Конечно, такая игра может оказаться совсем не сценичной, тем не менее ей нельзя отказать в своеобразной и яркой театральности. И Хлебников, надо думать, сознавал ее парадоксальный характер — недаром каждый акт «Снежимочки» обозначен неологизмом деймо, составленным из двух слов: действие и письмо. С другой стороны, нельзя забывать и тот факт, что «Снежимочка» все же предназначалась для постановок “будетлянского театра” в 1913 году, вместе с «Трагедией» Маяковского и «Победой над солнцем» Крученых.

В связи с этим нельзя не обратить внимания на одну, может быть, частную, но весьма показательную особенность поэтической драмы. Обычно в драматической литературе авторское слово (в ремарках) коренным образом отлично от игрового слова персонажей. Это более или менее условная, вспомогательно-техническая запись, план, программа сценического действия, но не само действие, и потому оно не требует эстетического переживания ни как слово, ни как зрелище. Здесь же, в поэтической драме, слово автора и слово персонажа не только не противопоставлены, но иногда доходят до полного неразличения. На этом основан любопытный эффект, так сказать, двойного видения в некоторых сценах хлебниковских драм. Таков, например, один из эпизодов в финале «Девьего-бога» (1911):


     Присутствующие  : ‹...› А между тем жрец смотрит глазами безумными и печальными и тихо идет, потупя бороду, к пришельцу. Тот смотрит загадочно-открыто, и жрец наклоняется к нему шептать тайну и вдруг, расхохотавшись, касается его уст своими. Но тот смеется. Жрец падает, откидываясь назад, на руки прислужников и умирает.
            Но нет, этого еще нет. Это еще только наше воображение. Еще только отошел от кумира жрец и идет мимо стоящих неподвижно девушек с плащами на голове. К спокойно стоящему Девьему-богу идет он. И что будет? Дальше что!
‹...›

В голосах Присутствующих, напоминающих хор античной трагедии, слиты воедино и голос автора и голоса действующих лиц, и описание действия и его переживание, и внешние события и внутреннее представление, ибо тут все — только наше воображение. А это и есть действие-в-слове, совмещающее в едином акте само действие с его переживанием и осмыслением.
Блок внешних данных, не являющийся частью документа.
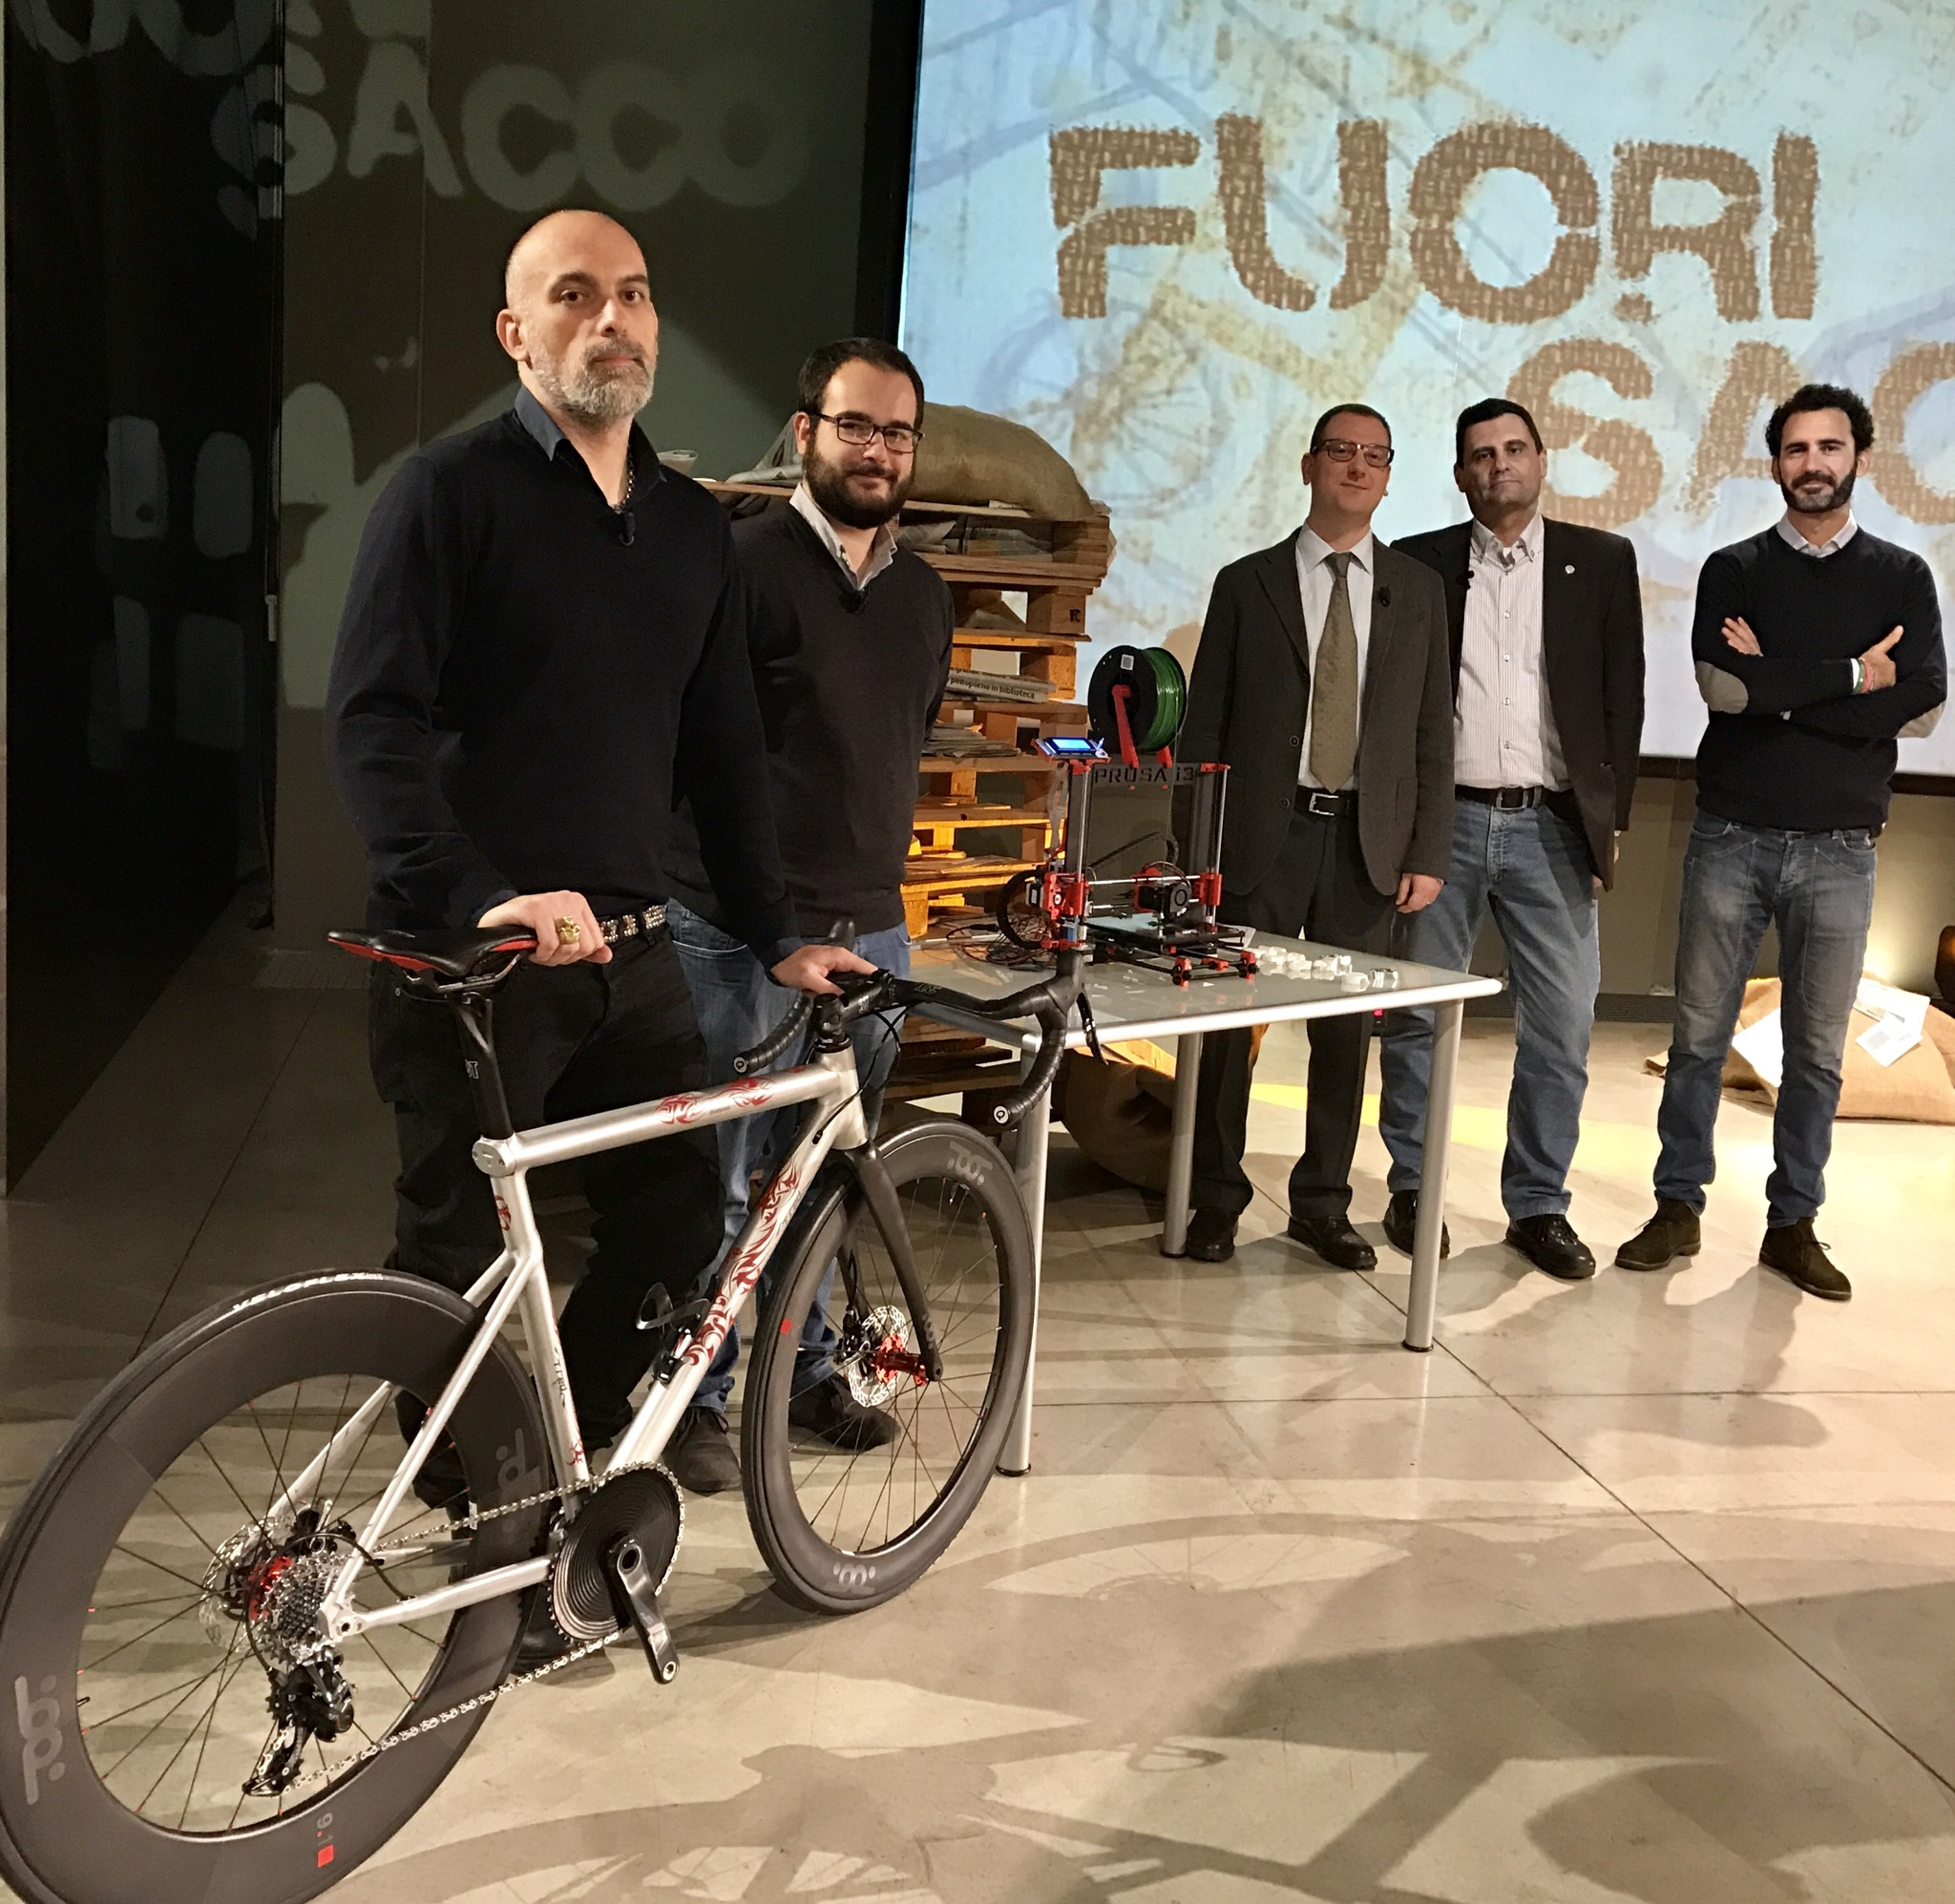 Urban Hub, in sette mesi valutate ben 200 idee imprenditoriali

Зримая и деятельная смысловая стихия слова является первоосновой и первоединством драматической поэзии вообще, и в творчестве Хлебникова она только, может быть, выступает с большей обнаженностью и своеволием. Ее мощное волнение мы постоянно ощущаем во всем многообразии и множественности драматических форм, во всей их подвижности, изменчивости и обратимости.

Дело тут в том, что драматические возможности поэтического слова несомненно присутствуют в нем еще до всякого жанрового оформления. Такое слово изначально обладает уже каким-то драматическим зарядом, который и дает в конце концов в своем развитом и осознанном состоянии законченный драматический жанр.

В простейшем виде драматизацию мы можем наблюдать уже на первой стадии оформления слова, а именно на стадии его ритмической организации. Хлебников, говоря о переменной ритмической системе стиха, которую он называл размером погрешностей и противопоставлял строгому размеру, разъяснял:


     Отвлеченная задача размера погрешностей заключается в том, что в нем размеры суть действующие лица, каждое с разными заданиями выступая на подмостках слова ‹...› этот размер есть театр размеров ‹...› Строчка есть ходьба или пляска входящего в одни двери и выходящего в другие ‹...› строгий размер есть немая пляска, но свобода от него (не искусственная, а невольная) есть уже язык, чувство, одаренное словом.
(НП, 338–339)

Как только мы находим какое-либо различение, разделение, разногласие внутри какого-то целого, так сразу получаем драматический момент. Правда, драматическое пребывает здесь еще в простейшем, зачаточном состоянии, тем не менее уже на этой стадии можно говорить о самостоятельной выразительной роли каждого ритмического движения и об их перебоях как о драматическом конфликте. То же самое можно заметить на всех уровнях поэтического слова (звуковом, лексическом, синтаксическом и т.д.). И таким образом уже сама структура поэтического слова может быть драматичной вне всякого оформления в драматический жанр, точно так же, как она может быть изначально лиричной или эпичной.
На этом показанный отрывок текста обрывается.